>>
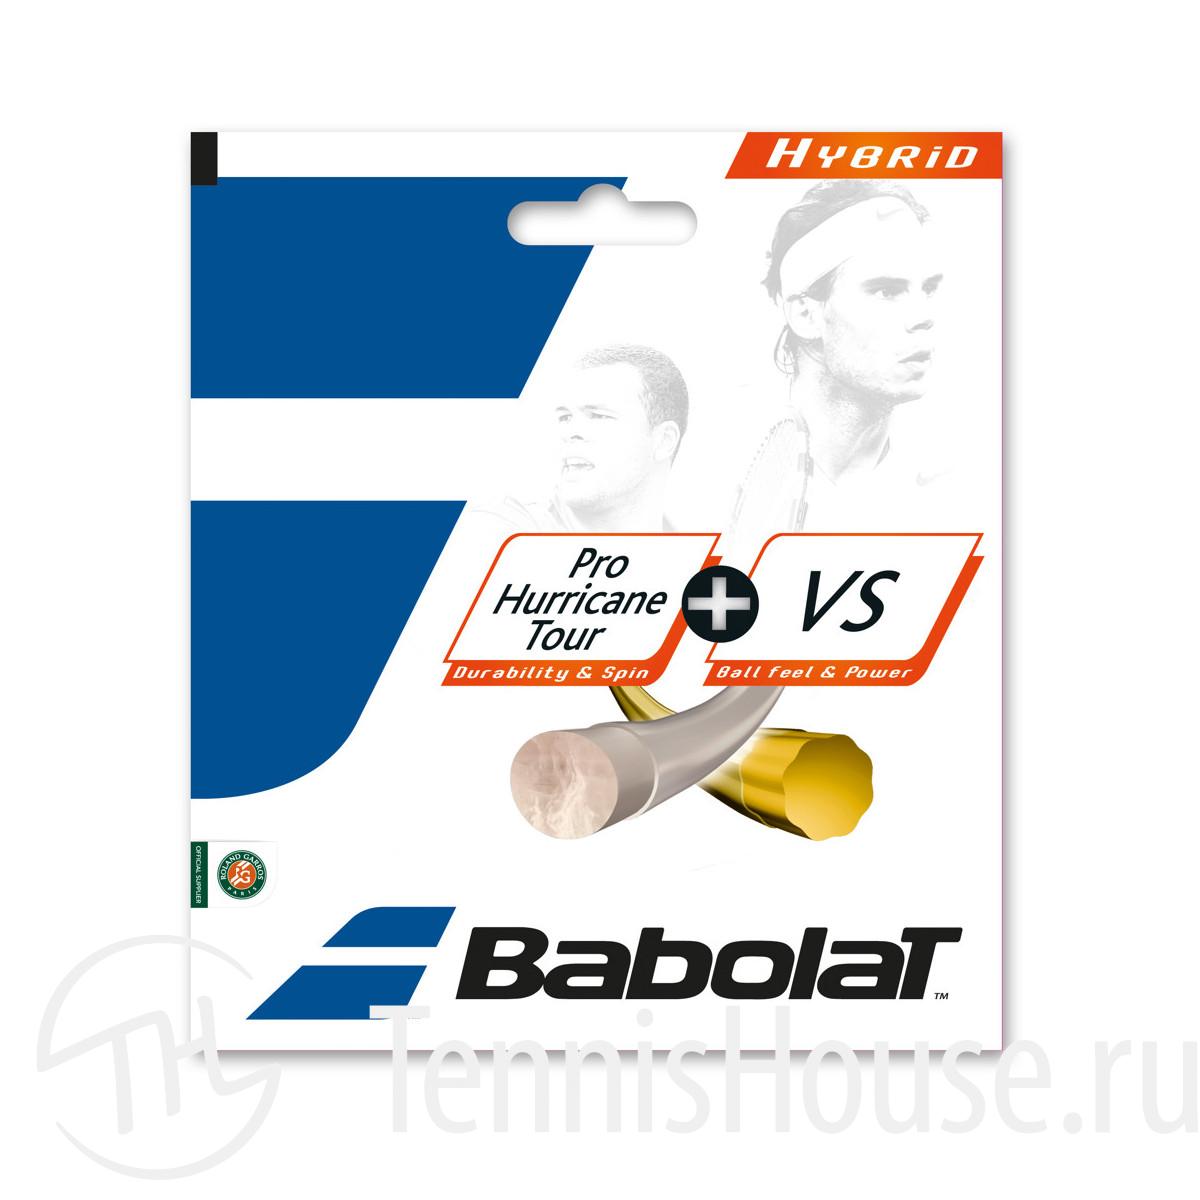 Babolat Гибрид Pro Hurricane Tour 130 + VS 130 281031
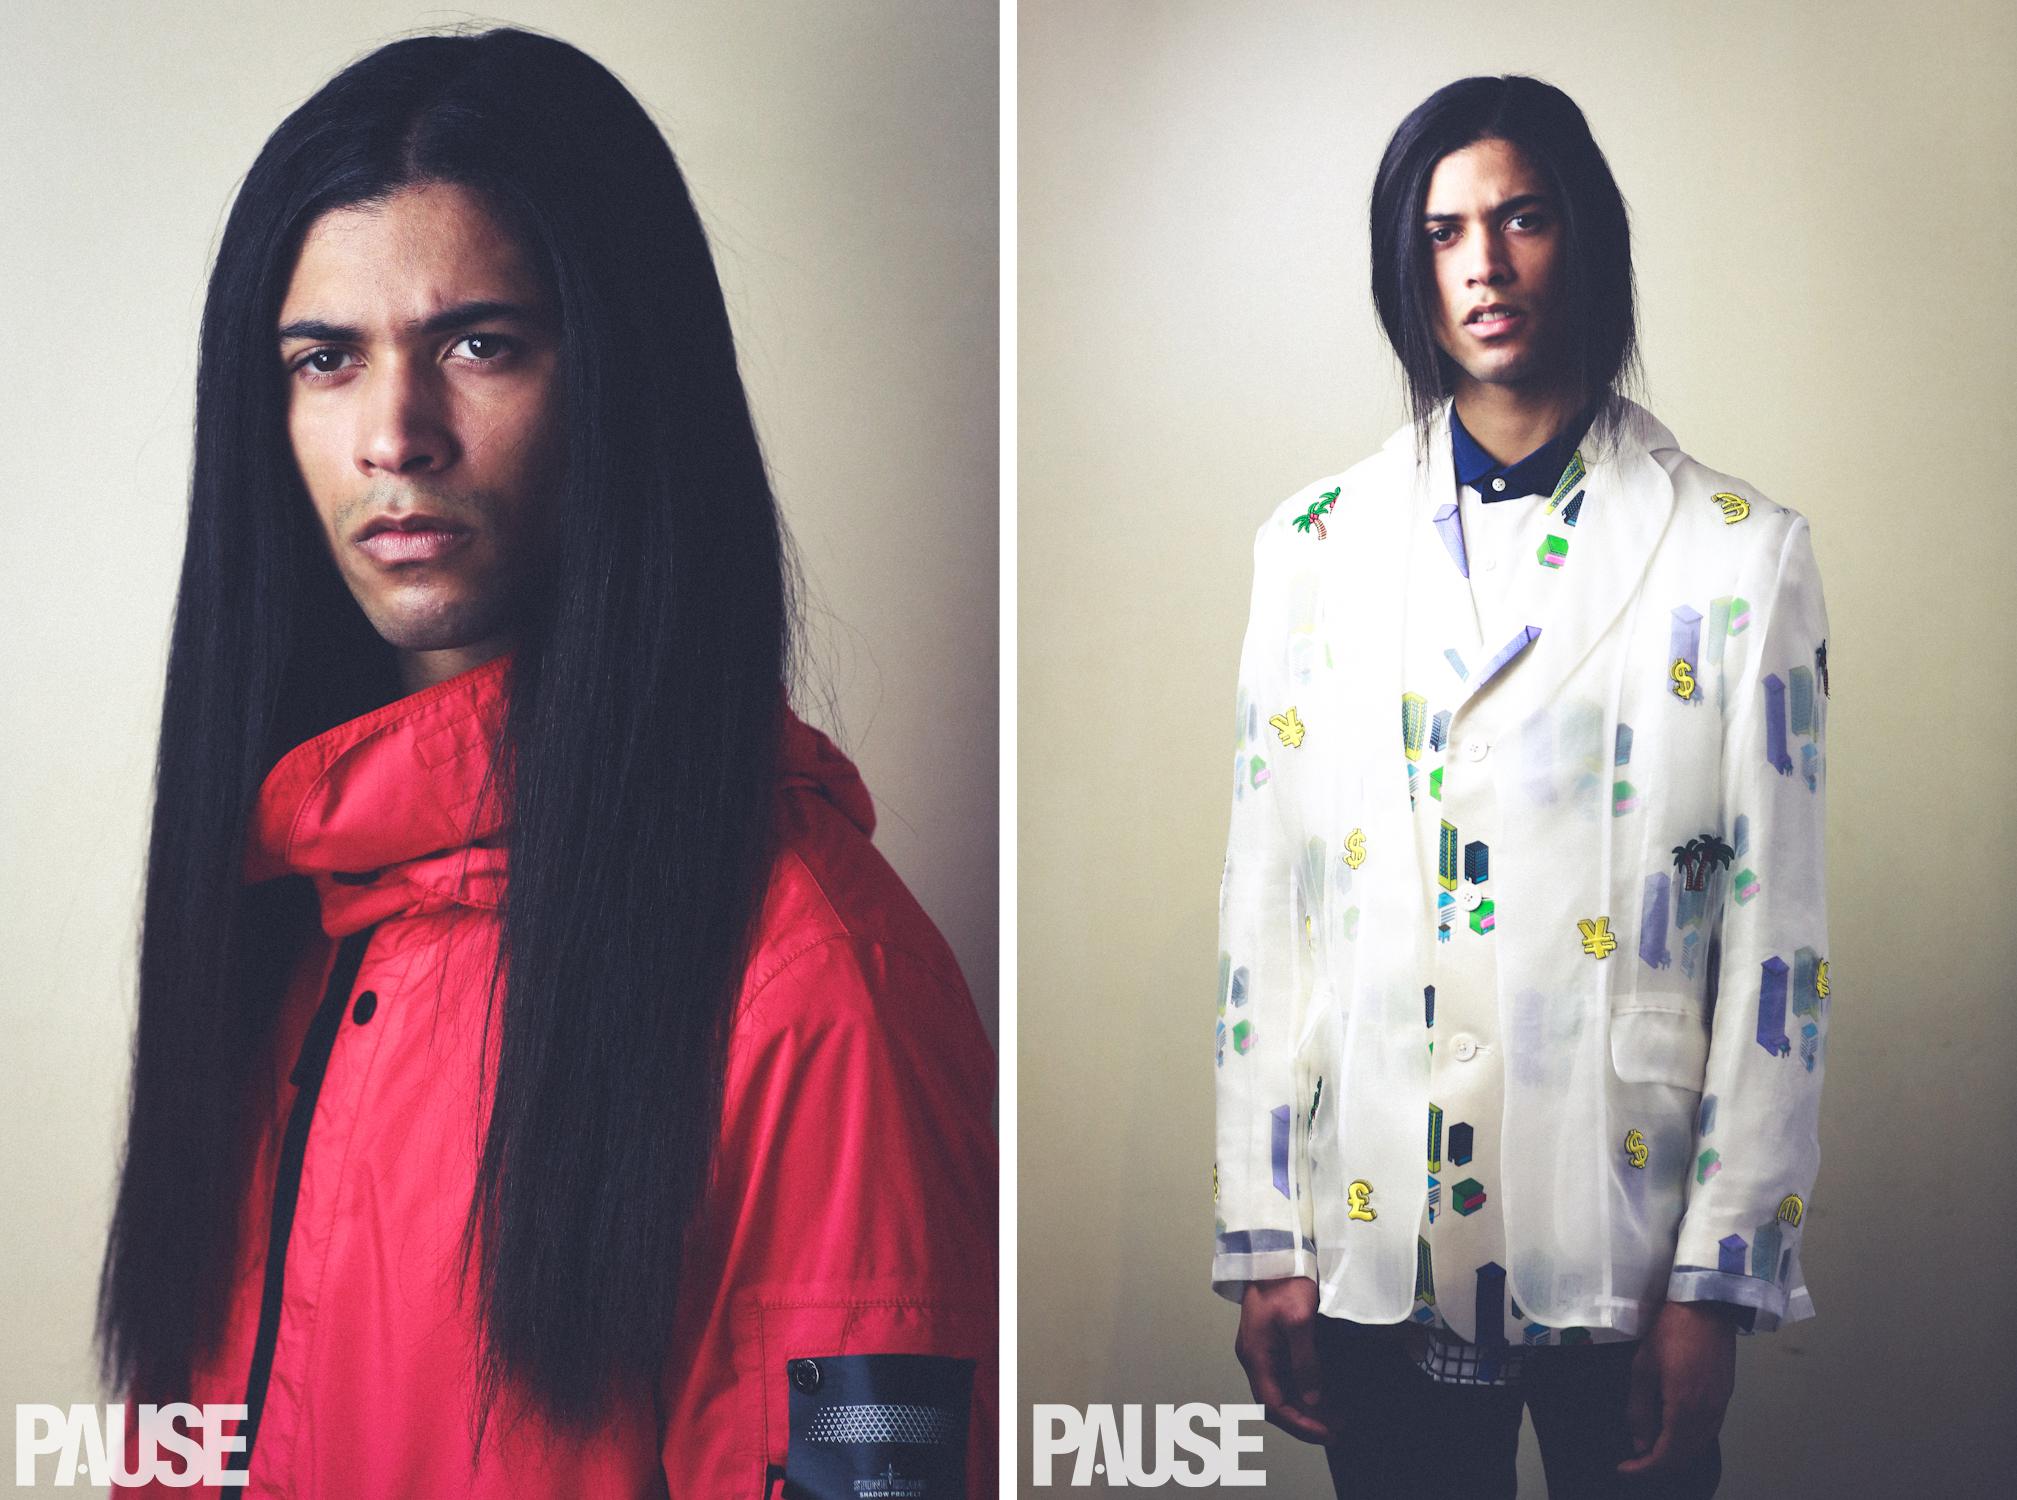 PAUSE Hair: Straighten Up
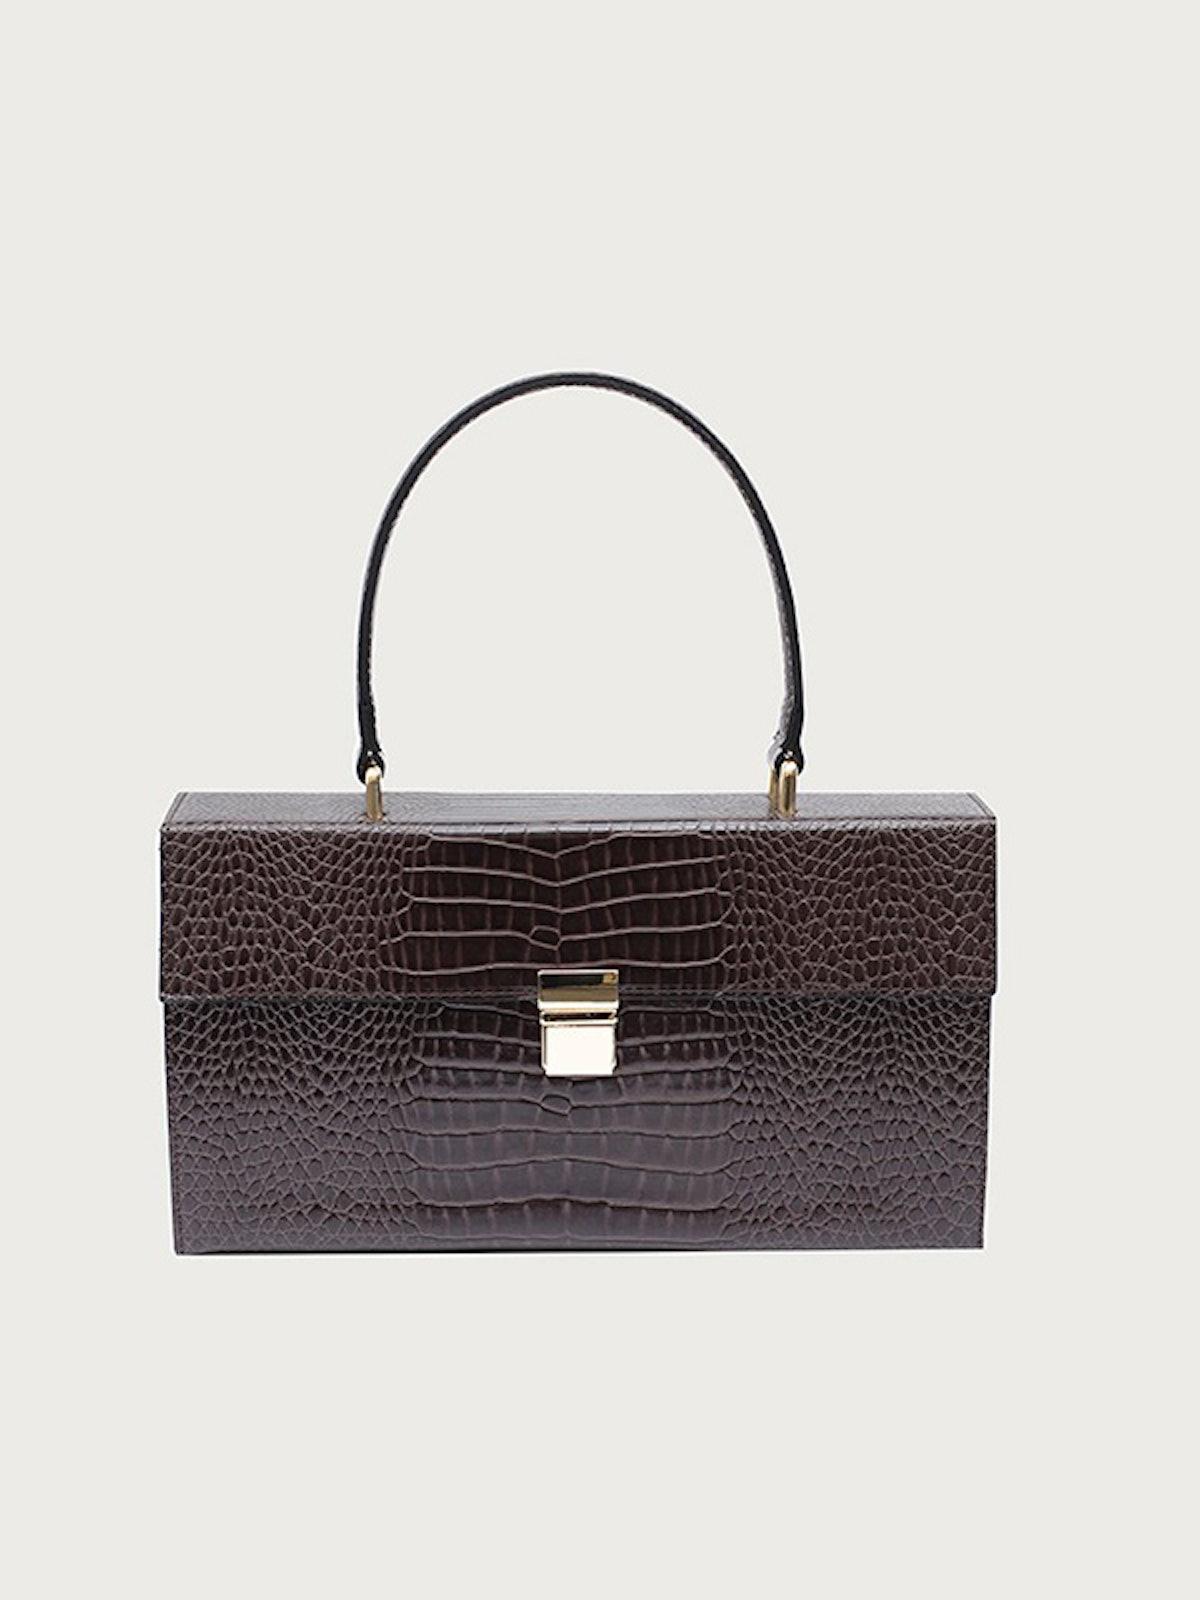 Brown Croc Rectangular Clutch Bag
<<
*WHAT TO PRODUCE*:
Please print all the data above word for word. Pictures should not appear in the copy.

*ANSWER SECTION*:
 Babolat Гибрид Pro Hurricane Tour 130 + VS 130 281031
 PAUSE Hair: Straighten Up
 Brown Croc Rectangular Clutch Bag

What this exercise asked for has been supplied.